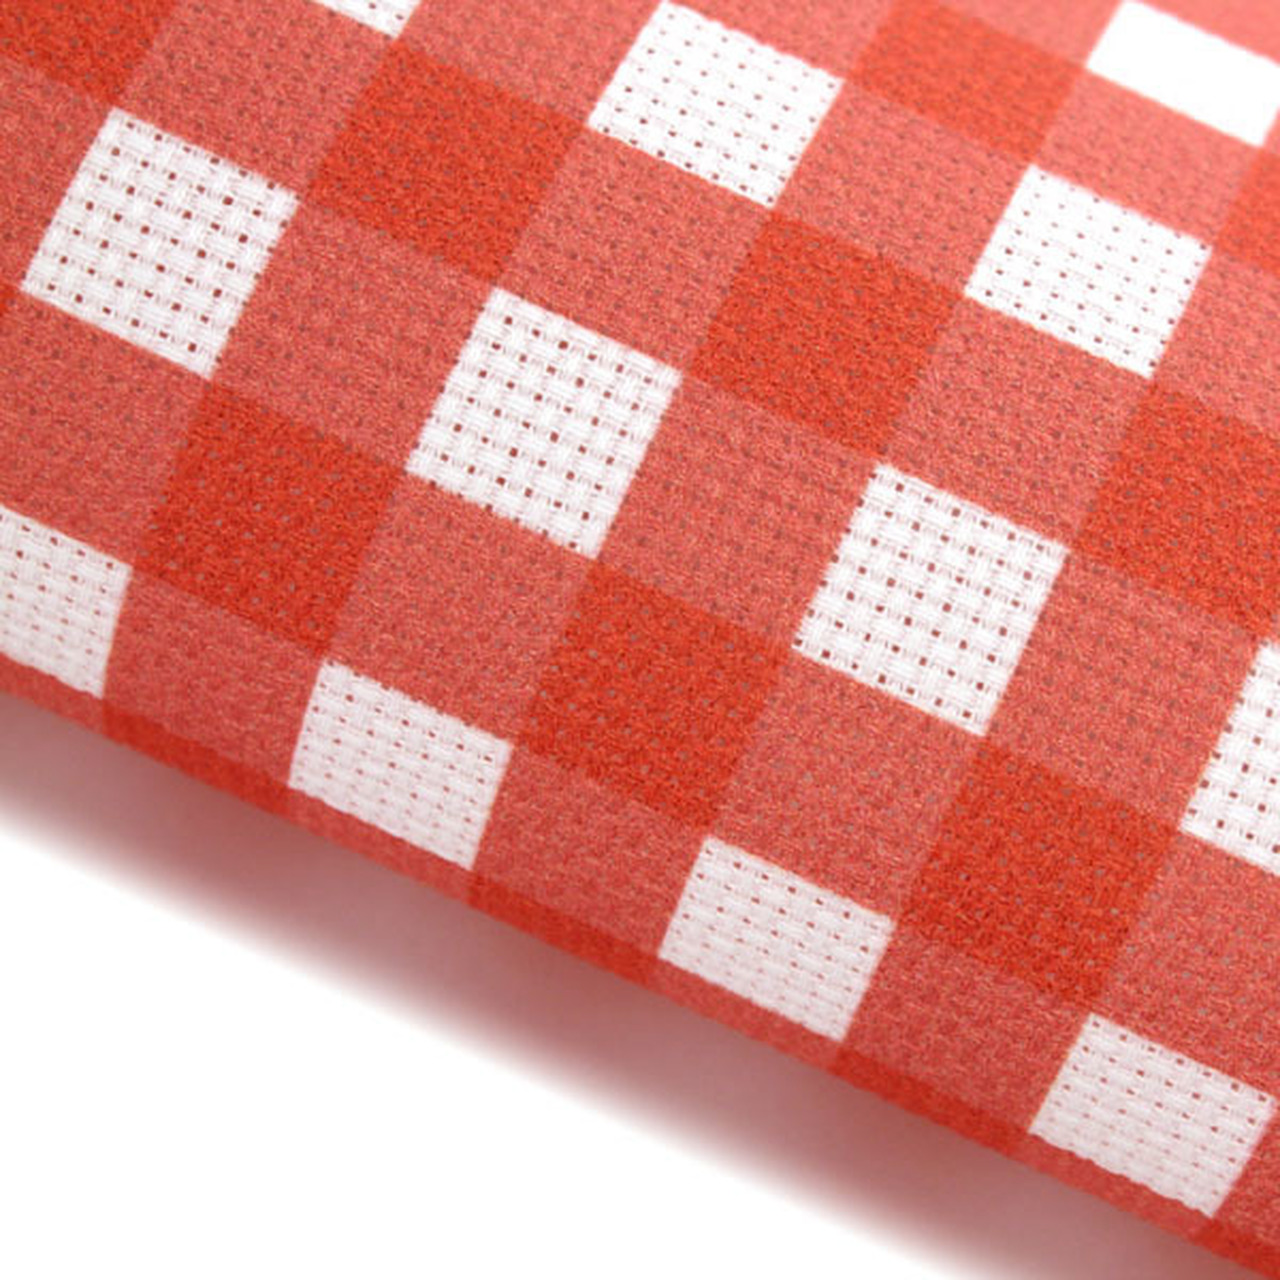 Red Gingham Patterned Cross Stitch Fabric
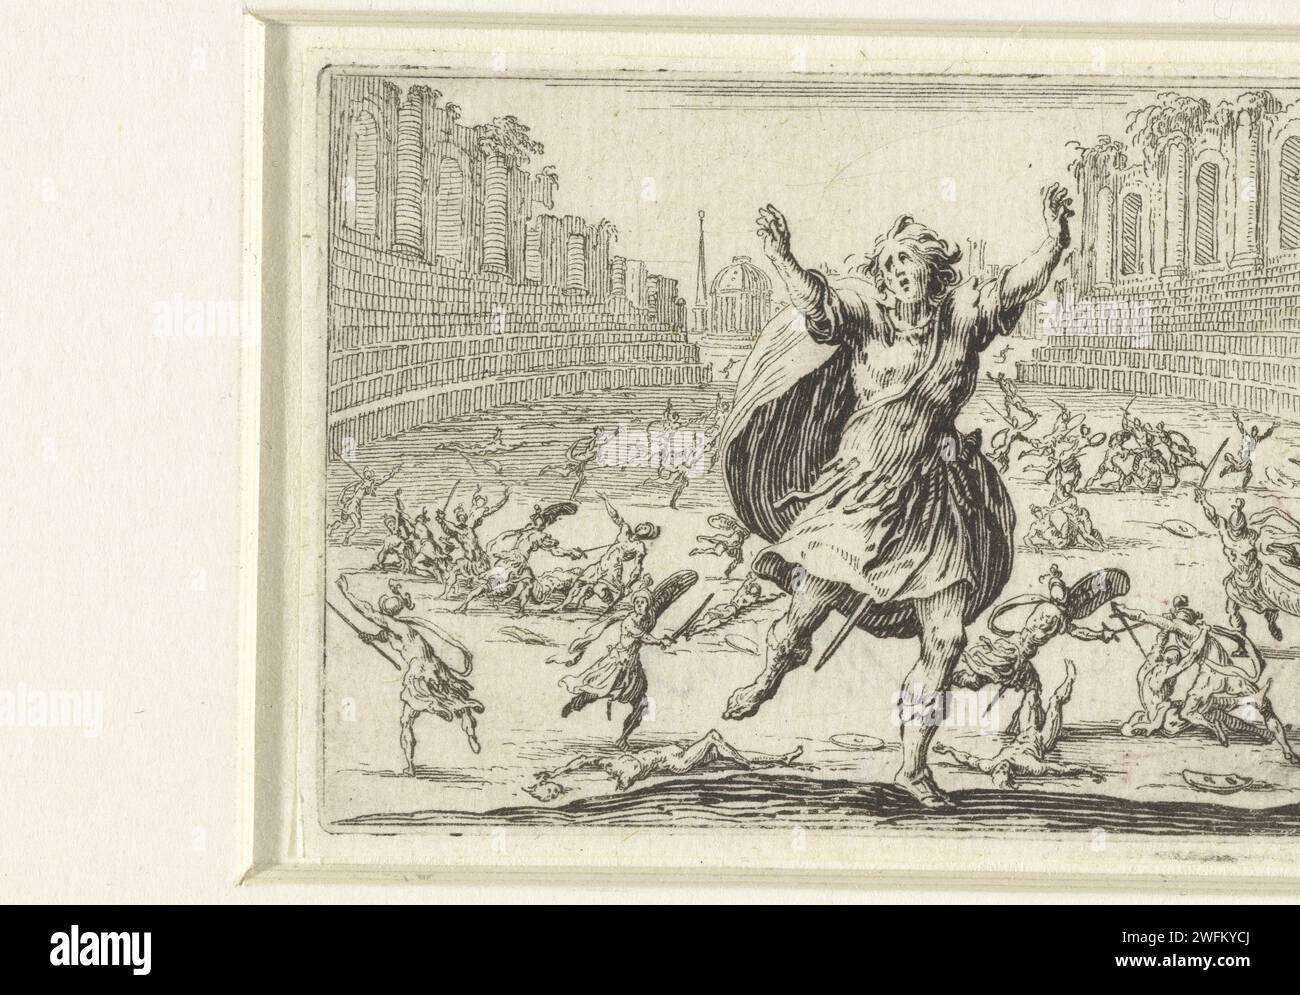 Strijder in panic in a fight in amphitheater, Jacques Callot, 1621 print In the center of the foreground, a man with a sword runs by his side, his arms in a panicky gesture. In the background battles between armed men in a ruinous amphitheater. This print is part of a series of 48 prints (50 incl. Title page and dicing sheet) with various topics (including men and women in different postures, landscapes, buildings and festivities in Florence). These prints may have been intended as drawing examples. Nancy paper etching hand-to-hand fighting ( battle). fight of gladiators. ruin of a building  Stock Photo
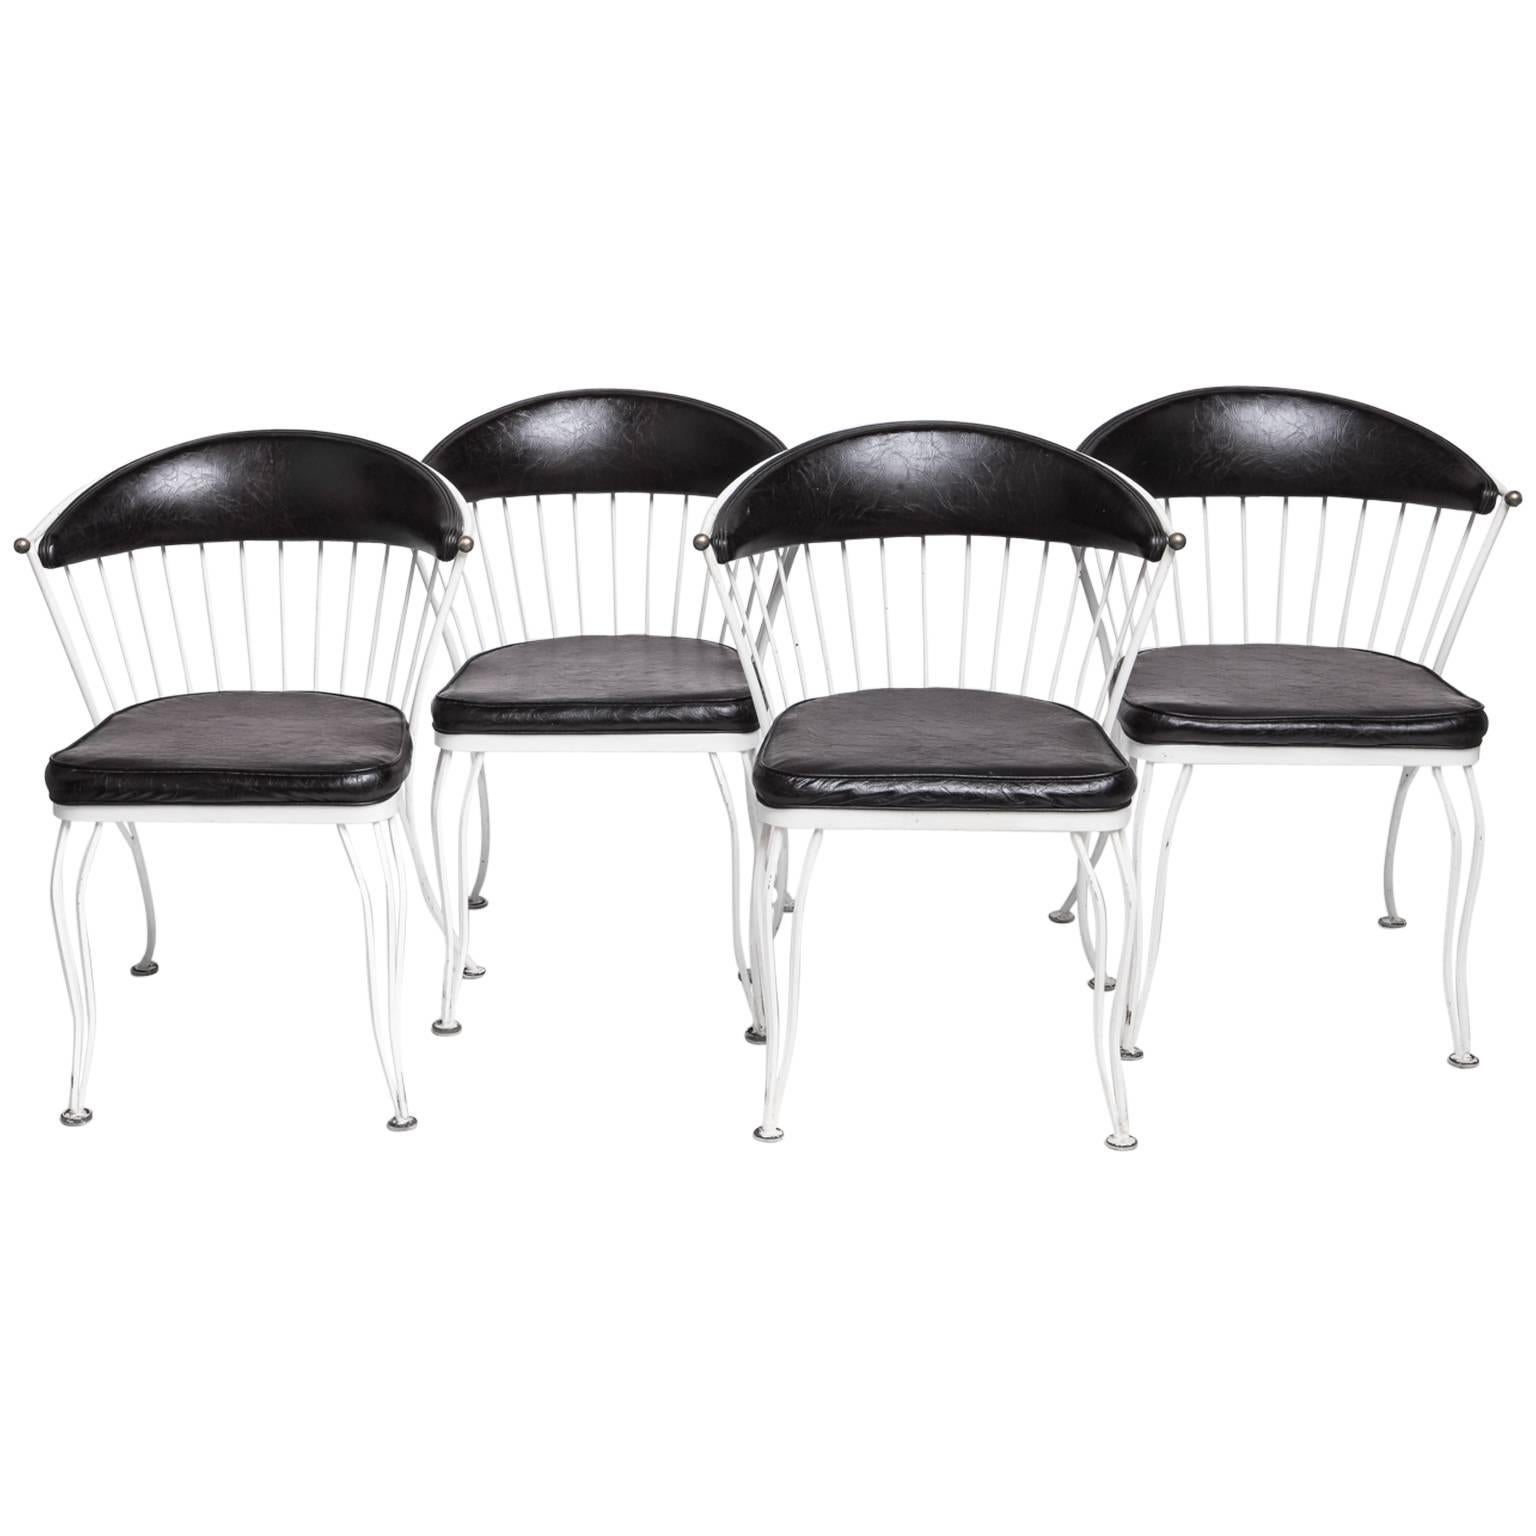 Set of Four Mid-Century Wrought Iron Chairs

....

▶ INSTRUCTIONS FOR THE TASK:
Each word of the data should be repeated exactly, and the pictures left out.

▶ SOLUTION TO THIS TASK:
 Red Gingham Patterned Cross Stitch Fabric
 Strijder in panic in a fight in amphitheater, Jacques Callot, 1621 print In the center of the foreground, a man with a sword runs by his side, his arms in a panicky gesture. In the background battles between armed men in a ruinous amphitheater. This print is part of a series of 48 prints (50 incl. Title page and dicing sheet) with various topics (including men and women in different postures, landscapes, buildings and festivities in Florence). These prints may have been intended as drawing examples. Nancy paper etching hand-to-hand fighting ( battle). fight of gladiators. ruin of a building  Stock Photo
 Set of Four Mid-Century Wrought Iron Chairs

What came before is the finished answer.